Monday, January 9, 2012

Season of Change...

First of all, I have to say that I hate change and I am not a fan of saying goodbye. But in the coming week I am going to be forced to do a little of both.

This coming Sunday, January 15th I am losing my wonderful friend Candace Peplowski and her family. I know I am being slightly dramatic about it since I am not losing her in the sense that I will never again see her, I am losing her because she is moving out of the state. Gone will be the days where I can hop in the car and within 30 minutes be sitting in her living room with the kids running around and playing and Candace and I chatting and catching up. Now in order for that to happen it will add 23 hours on to my car trip and that makes me sad.

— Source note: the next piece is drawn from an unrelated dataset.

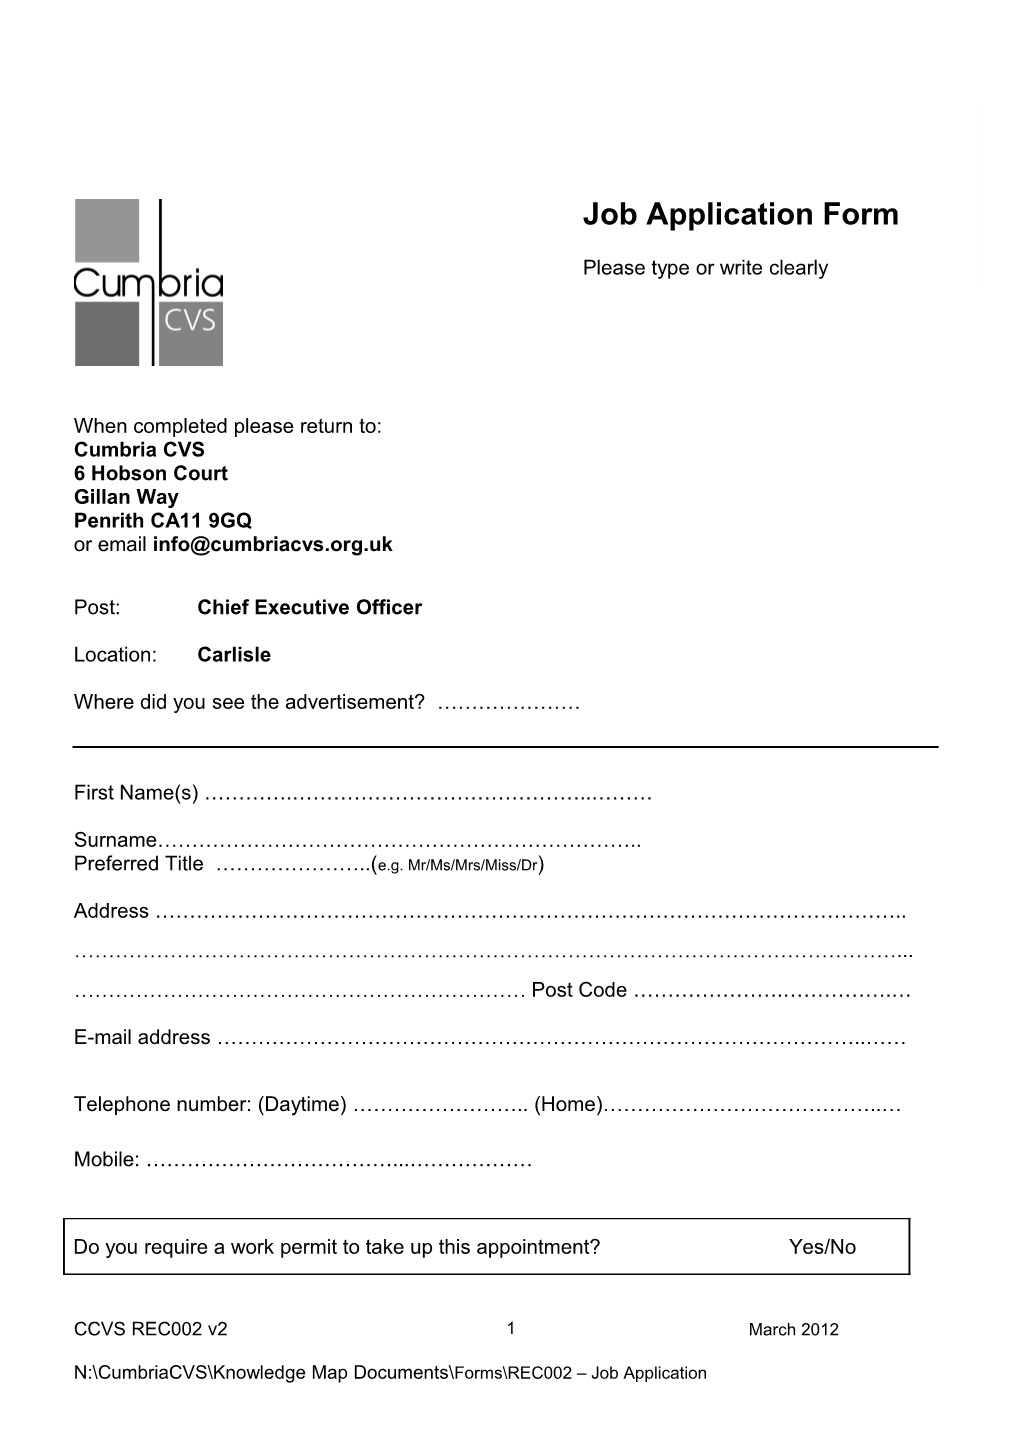 Job Application Form s14

Up until now I have been pretty successful in avoiding the fact that she is moving, but on Sunday we went to lunch to celebrate her husband David's birthday and sitting there I was struck with the thought that our little group, our family-of-friends won't all be together again for a long time, it finally made it real, that they are really leaving.

It has become such a constant thing -our group- we are always together, hanging out and doing things. A lot of holidays spent together, birthdays celebrated together, vacations taken together and countless game nights had... even if she wasn't that thrilled about the games!!! It was our normal, if we were doing something or going somewhere it was always assumed that the others were invited.

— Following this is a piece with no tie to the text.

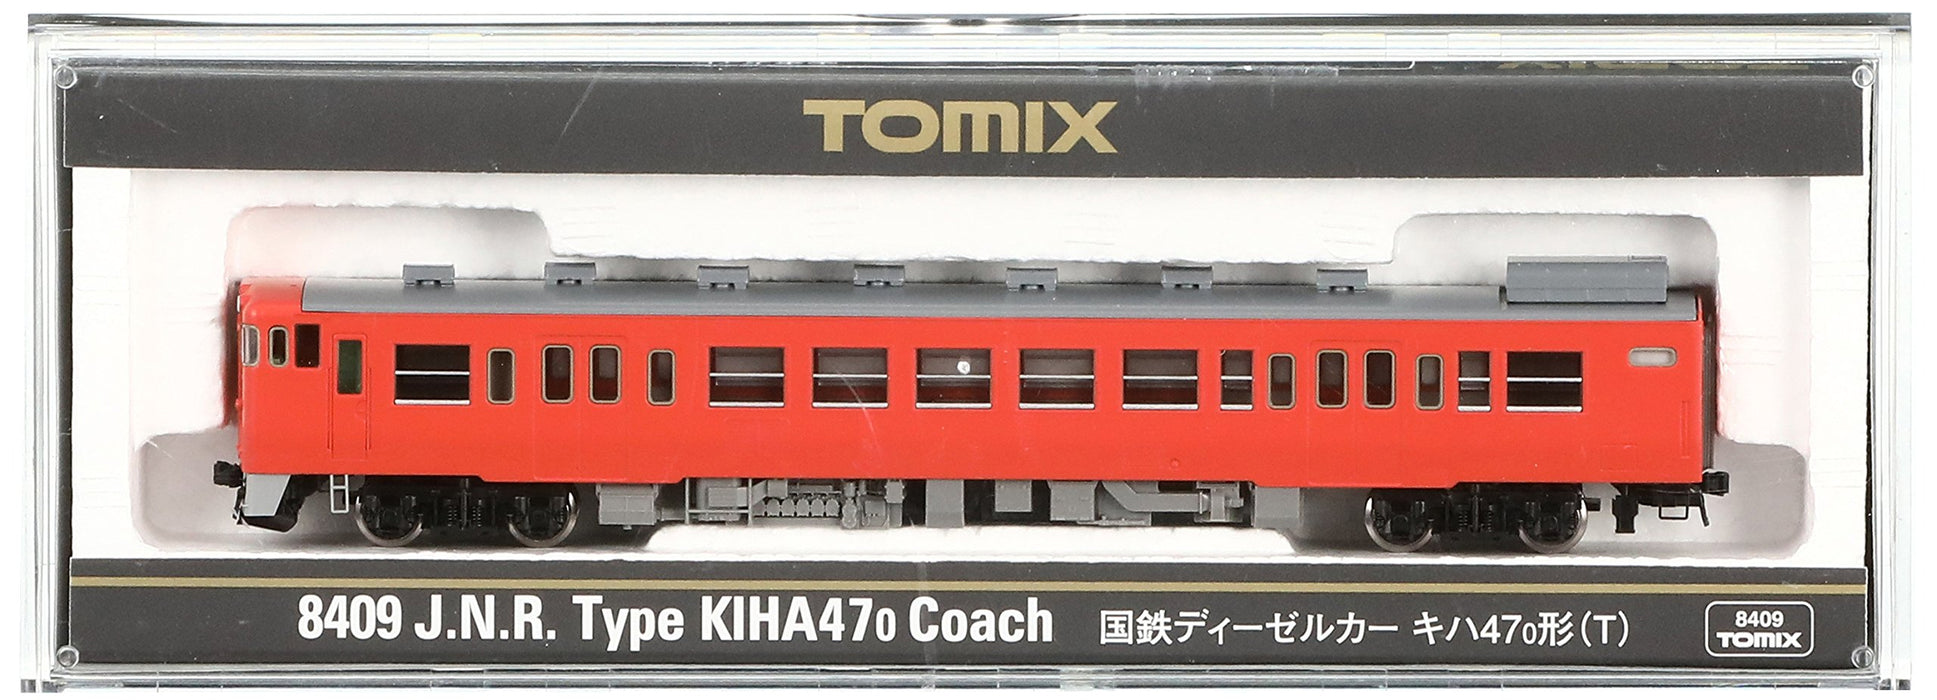 Tomytec Dieseltriebwagenmodell - Tomix Spur N Typ Kiha47 0 - T 8409

But now I can't go where she is going. Her family following God's will for their lives and although we will always be friends, her family must go where they are led. So to San Diego they go, the sun, the beaches, a warmer climate and real Mexican food! I know that the whole family is looking forward to it, to a new change and a new beginning. And I believe as a good friend it is my job to help her not to look back and wonder if this is the right thing, as a friend I must support her and pray for her and encourage her the best I can.

But being a good friend is not always an easy thing. I would be more than happy if she would stay right where she is, but I know that is my selfishness talking. How am I supposed to be the supportive, encouraging friend when my heart is breaking over my friend leaving, when my kids are sad because they are going to miss their friends and they keep asking me why they have to go? Like I said I hate change. The thing about change though, is that you can either accept it, move on, grow through it and learn from it. Or you can let it get you down, seep into your heart and harden and become sad and miserable, which I refuse to do.

I know that there are lessons in everything and that through this experience God is looking to teach me something. It is Him after all that put Candace and David and their family in my life. I prayed for it, I asked God to help me through a very hard and lonely time in my life and he put the most wonderful people in my path, the Peplowski's were some of those people. I have been blessed to be be able to call them friends, to call them family.

So I suppose that is where I find the strength to be a good friend, I know that they deserve God's blessings on their lives, that this move is them being obedient to what God has asked of them, and by being obedient they are in God's favor. I also find strength in the knowledge that although they are moving 1255 miles away, Candace is only really a phone call away. Yes, I won't be able to pop over to her house but with all the modern technology and my awesome Iphone, I can Skype with her and still see her beautiful face whenever I want. And heck, now I have a new place to go and visit! 



There is one more thing I would like to add: No matter how far they go, I will always consider the Peplowski's family! I love you Can and I will miss you dearly but you will never get rid of me!!

1 comment:

  1. You will be missed CanDance and we will be here to hold you hand April.